Anne Burras was an early English settler in Virginia and an Ancient Planter. She was the first English woman to marry in the New World, and her daughter Virginia Laydon was the first child of English colonists to be born in the Jamestown colony. Anne Burras arrived in Jamestown on September 30, 1608, on the Mary and Margaret, the ship bringing the Second Supply.  She came as a 14-year-old maid to Mrs. Thomas Forrest. In November or December 1608, Anne married John Laydon/Layton/Leyden.  The Laydons had four daughters, Virginia, Alice, Katherine, and Margaret.  All six members of the Laydon family were listed in the muster of February 1624/5.  According to the muster, Anne was 30 years of age when the muster was taken.  All four children are listed as born in Virginia; their ages are not given.

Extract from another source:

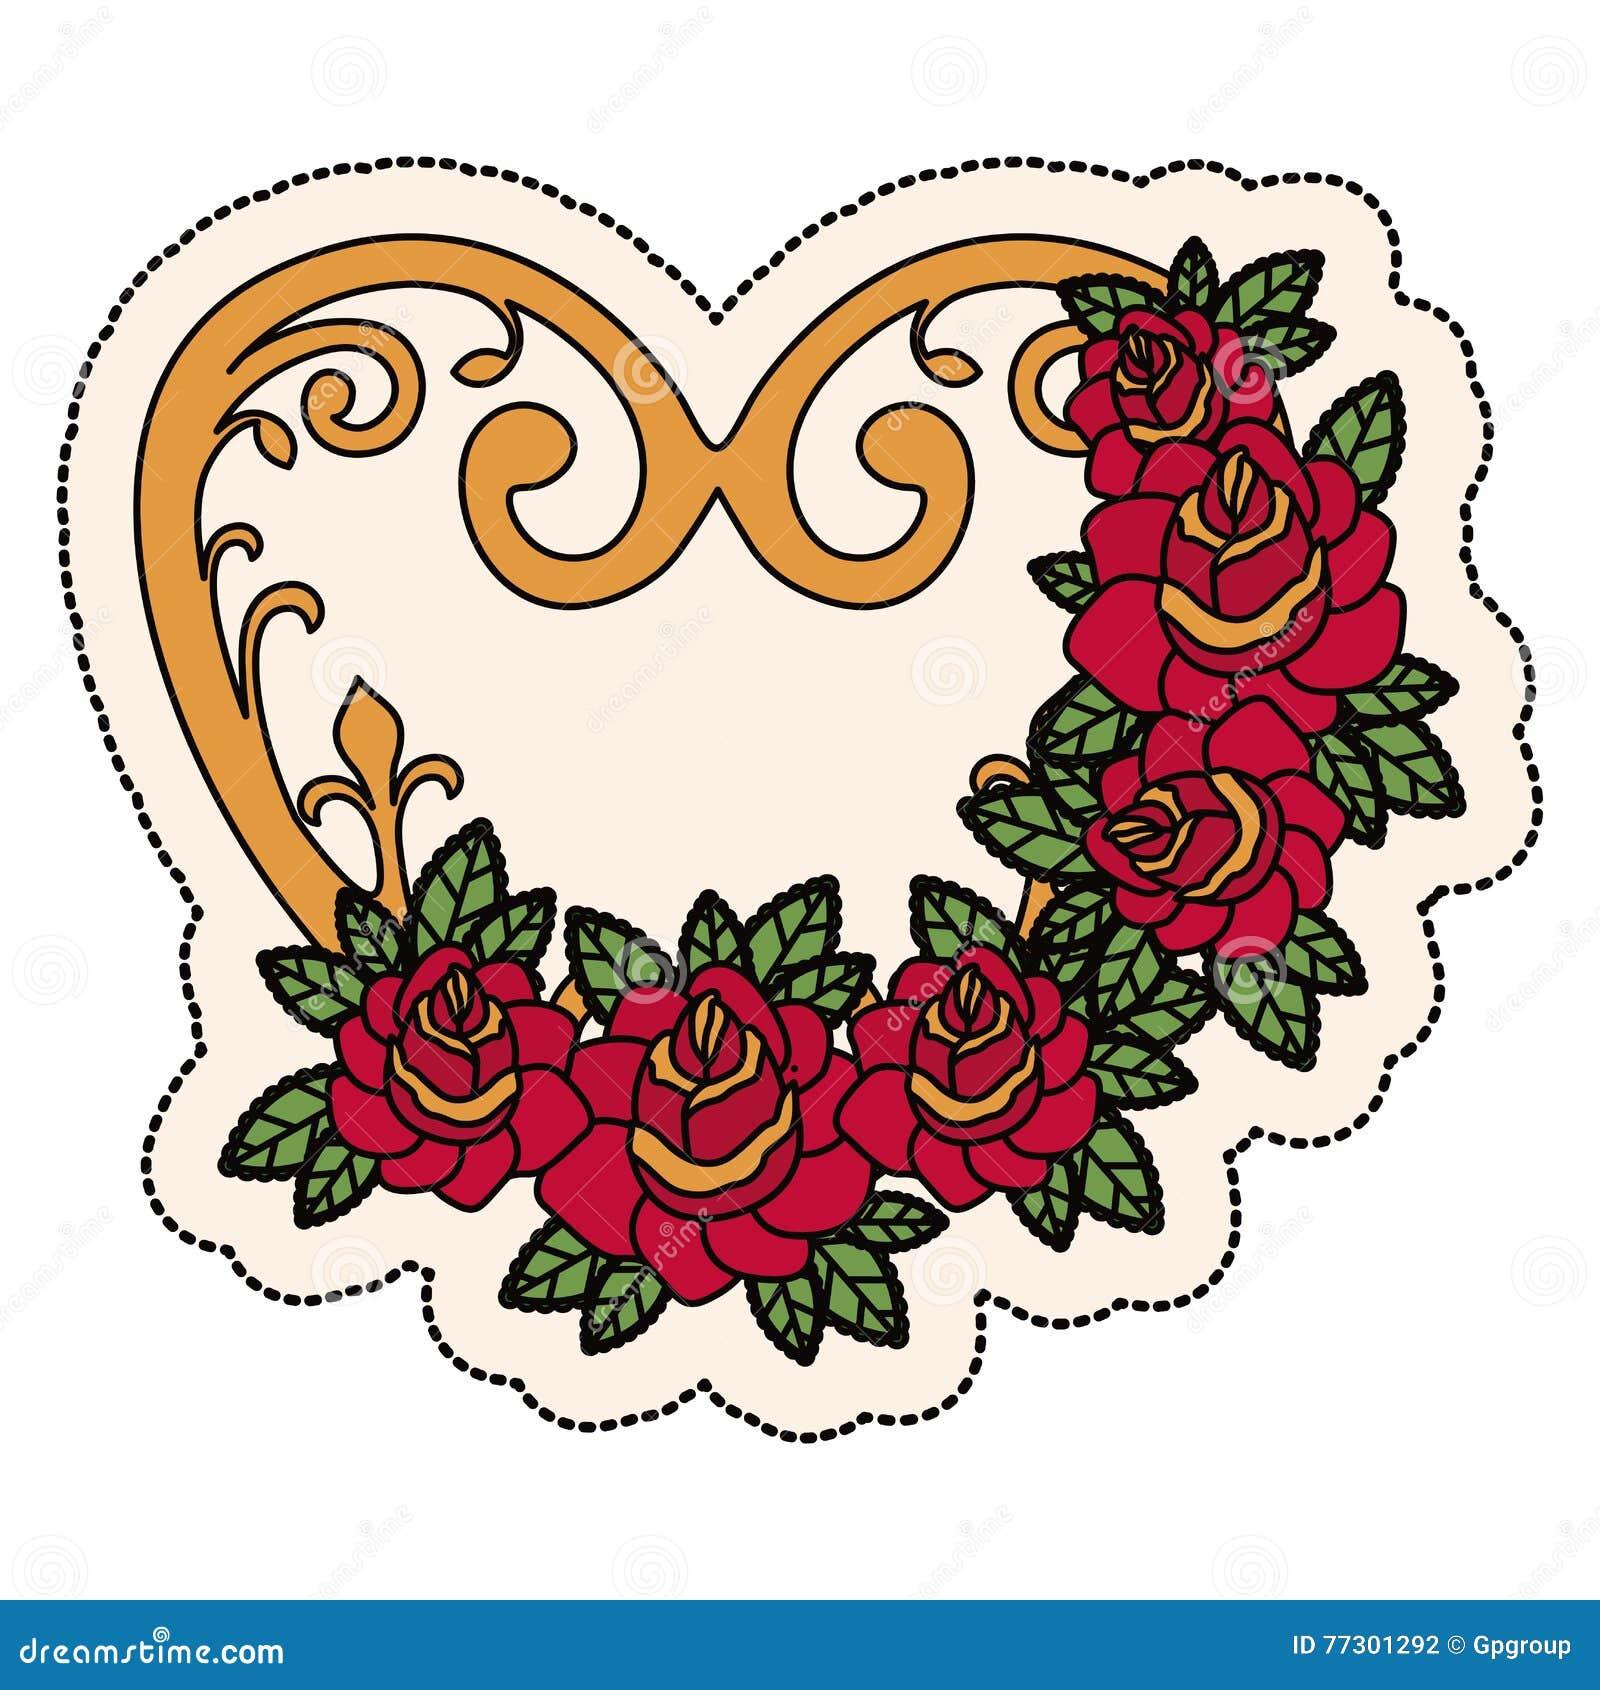 Дизайн формы сердца

John Laydon was shown as having 200 acres in Henrico in May 1625.  However, the 1624/5 muster shows the family living in Elizabeth City.  A patent to "John Leyden, Ancient Planter", dated December 2, 1628, refers to 100 acres on the east side of Blunt Point Creek, "land now in tenure of Anthony Burrowes and William Harris, and said land being in lieu of 100 acres in the Island of Henrico".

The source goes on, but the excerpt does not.